Avon, 1989, 374 pages, C$4.95$ mmpb, ISBN 0-380-71014-5
Novels being works of imagination, it’s surprising to find out that some readers devour them to learn things. Why not grab a non-fiction book instead? Authors are free to imagine whatever they want in any given context: why should any reader trust the author?
This is in many ways a false argument. Compare sitting down for a few hours with a quantum mechanic textbook, or a Greg Egan hard-SF novel. The choice is pretty easy to make. Fiction involves the reader. Sure, it’s less rigorous, but the basic elements still come through, especially when dealing with non-tangible subjects: someone who wants to know about the camaraderie and competition between fighter pilots will more easily grasp it reading a Stephen Coonts novel than a non-fiction account.
As for trust, it has a lot to do with an undefinable authenticity in the text itself, added to the author’s credentials. While Arthur Hailey has never been an airport or hotel manager, his novels Airport and Hotel (among other “educative” thrillers) have mesmerized whole beachfuls of readers. Hailey has acquired a reputation for research; Coonts is a former aircraft pilot. Both are known for getting their facts right.
Which brings us to Bob Judd, who brings us in turn in the fast-paced world of Formula One racing for his debut thriller Formula One. With fast cars, loose women, big money and high stakes, the world of Grand Prix racing seems a natural background for any thriller. Formula One takes full advantage of its setting.
Ace Formula One driver Forrest Evers has problems. After three disastrous races, he has abandoned racing. Now, in the opening pages of the novel, he watches as the second driver of his team kills himself in a stupid 200mph accident. Soon afterward, Evers is back behind the wheel with only one idea: Find out who killed his friend and who’s trying to kill him again.
Many thrillers boast intriguing promises but fail on delivery. Not so here. Judd writes like a racer going for the pole position. Evers’ first-person narration is immediately gripping and carries the novel through like few thrillers read recently.

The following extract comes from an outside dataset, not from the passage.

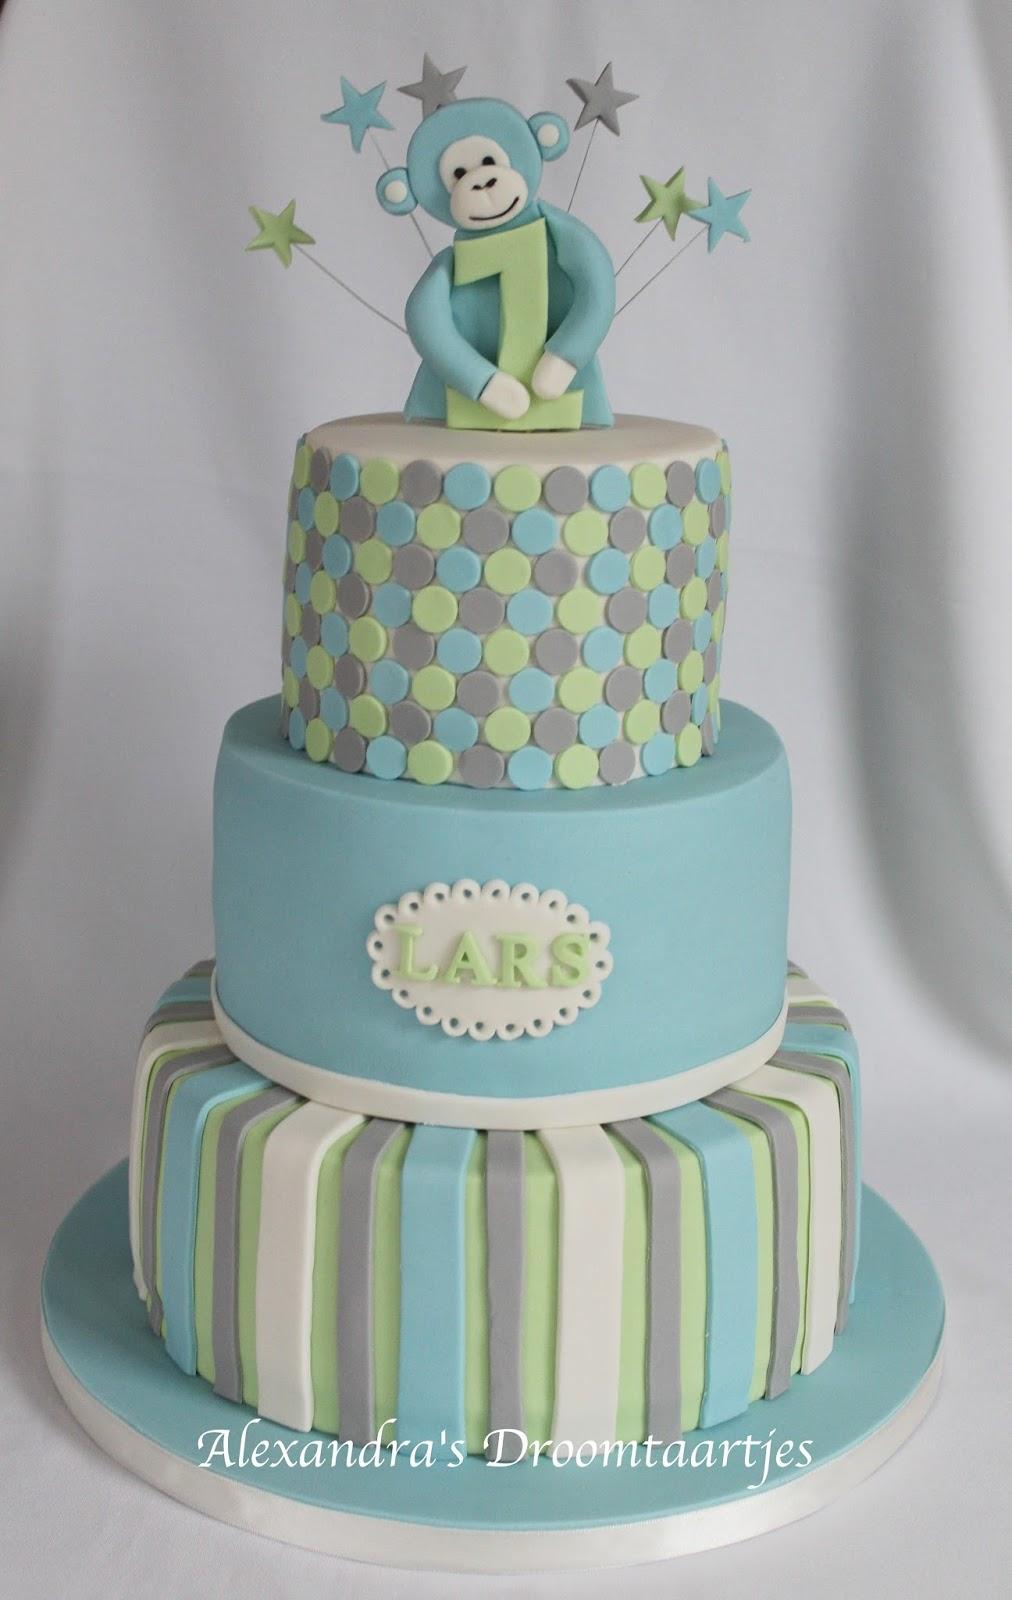 Genoeg Verjaardagstaart jongetje 1 jaar | Alexandra's droomtaartjes @UA34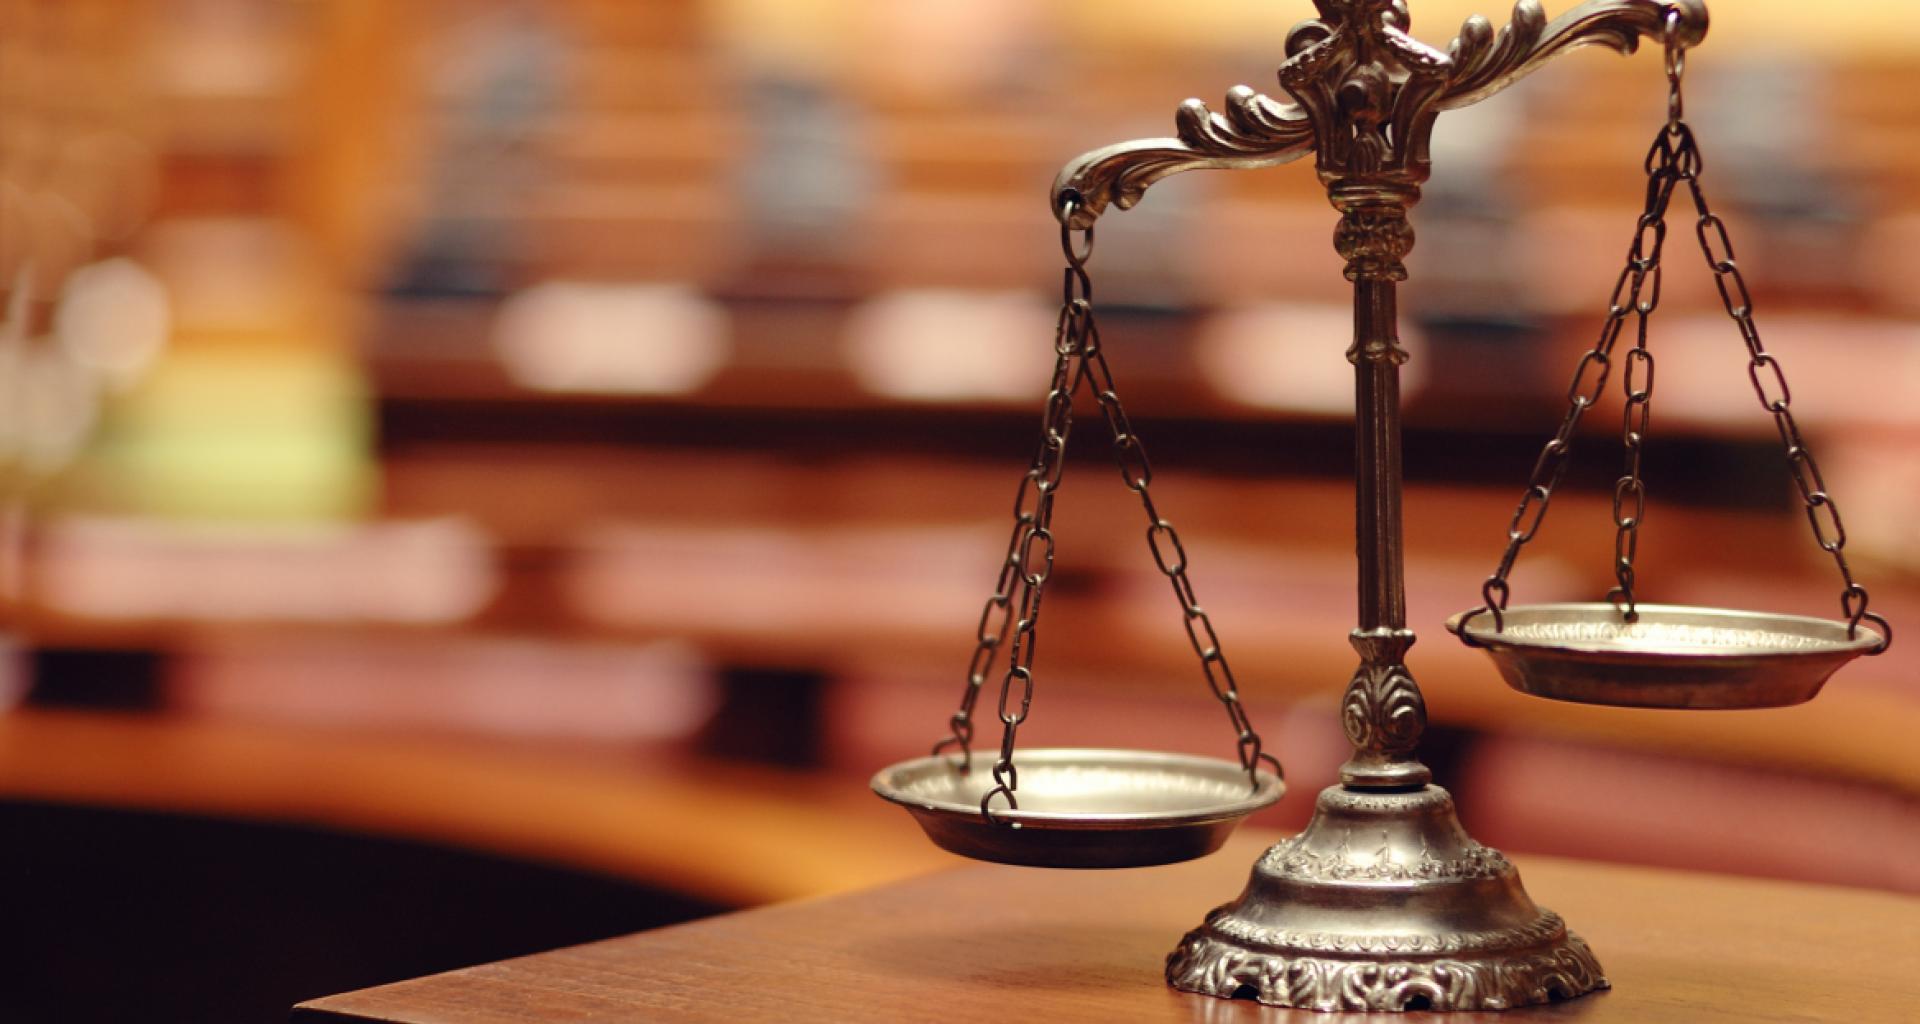 Aumenta la protección y vigilancia de sedes judiciales con 26,6 millones de euros

Even better, we readers get a first-class ticket to the world of F1 racing. The jargon, the mechanics, the shady dealings, the political nature of the game are all explained in painless terms. Best of all, Formula One stays with its subject most of the time. It’s not a coincidence if the novel falters around the three-quarter mark, where the protagonist stops being a driver and behaves more like an amateur secret agent. Soon afterward, Evers and the novel are back where they belong—behind the wheel. The climax is memorably written.
What’s more, you will enjoy learning about F1 racing here. The details are well-mixed with the action, and seldom feel like exposition lumps. Judd acquires his credibility not by past novels or by an author blurb, but by being very, very good at what he does. It’s a challenge to pull off a first-person narration by someone who’s obviously in a technical field, but Judd achieves it magnificently.
There’s plenty to like in Formula One: The writing is delicious, the protagonist is likable, the gallery of supporting characters is sharply drawn, the technical details are right and the plot moves. You’re unlikely to read a better thriller soon.
[July 1998: Just discovered that Formula One is the first of four (so far) Forrest Evers thrillers. I’m unsure to read further, lest inferior sequels taint my memories of the original.]